Each of my blog posts, published or not, has started with a
coffee in hand and my peers’ completed posts open in front of me. Despite the
debilitating feeling of writing honestly for an audience, I gain some courage
and perspective from the thoughts and ideas of all the Environmental Studies
authors who have shared to this blog before me. For some the prescription of
hope may seem too confining to share to this space and that this platform perhaps
doesn’t lend itself to pessimism or confusion. With critical hope negativity in
a way is essential for understanding intersectional issues. I personally derive
just as much hope, if not more, from this vulnerability. There is something
reassuring and almost validating knowing that we are all going through this
life altering process in one stage or another. Sarah Ray identifies this
process in her Affective Ecocriticism
Manuscript as the affective arc of Environmental Studies curricula.
My own experience can be compared to Ray’s claim that the “ENST degree is some
kind of 12-step program, with its own arc of affects, moving in stages from idealism,
lost innocence, shame, denial, grief, apathy, optimism, and then, I can only
hope, agency to work against diminution” (1). Though described here as an almost
linear process, I understand these stages to be part of a cycle that ebbs and
flows with new knowledge and growth. Every day with this material I feel like I
teeter between inching closer to clarity and falling farther from tangible
solutions. Accepting and incorporating emotion as part of my response to this curriculum
is what has allowed me to adequately deconstruct my former understanding of the
world to try moving forward in a way that feels meaningful.

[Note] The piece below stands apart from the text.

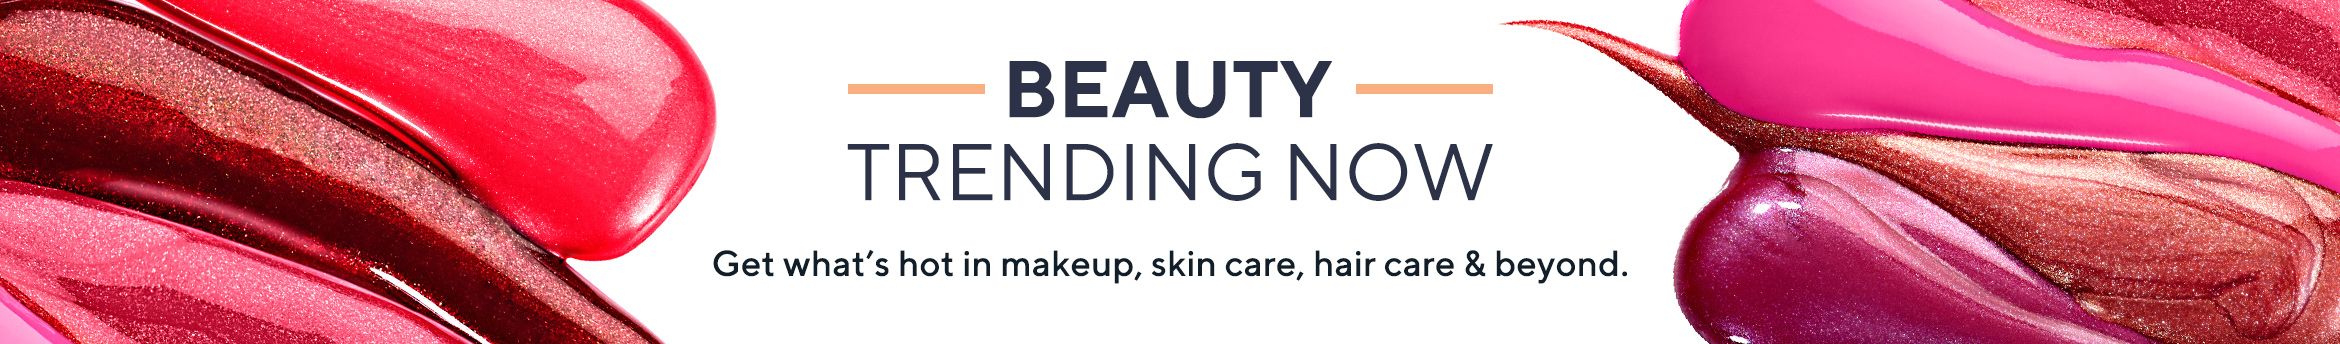 Beauty Trending Now.  Get what's hot in makeup, skin care, hair care & beyond.

I started the semester vocalizing my intentions for being vulnerable
and as the work load increases and I want to isolate myself in my shell I am
reminded of the value of the network I am a part of and the collective effort
in which I play only my own role.
Prior
to graduating and synthesizing my hopes and goals with my work, I am thankful for
my simple role within this growing program (giving feedback, etc.). Having
models like Sarah Ray and Loren Collins actively working to fill their roles while
being critical of their own work helps me to set my own mental path.
“To the extent that we can help them
understand their anguish in the context of broader structures, be
self-reflexive about their emotional responses to narratives of urgency,
recognize the simultaneous humility and power that comes with being part of a
network of obligation, we will turn their impotence into agency” (Ray, 13).
savanna- you're doing it! thanks for sharing on the blog. courageous.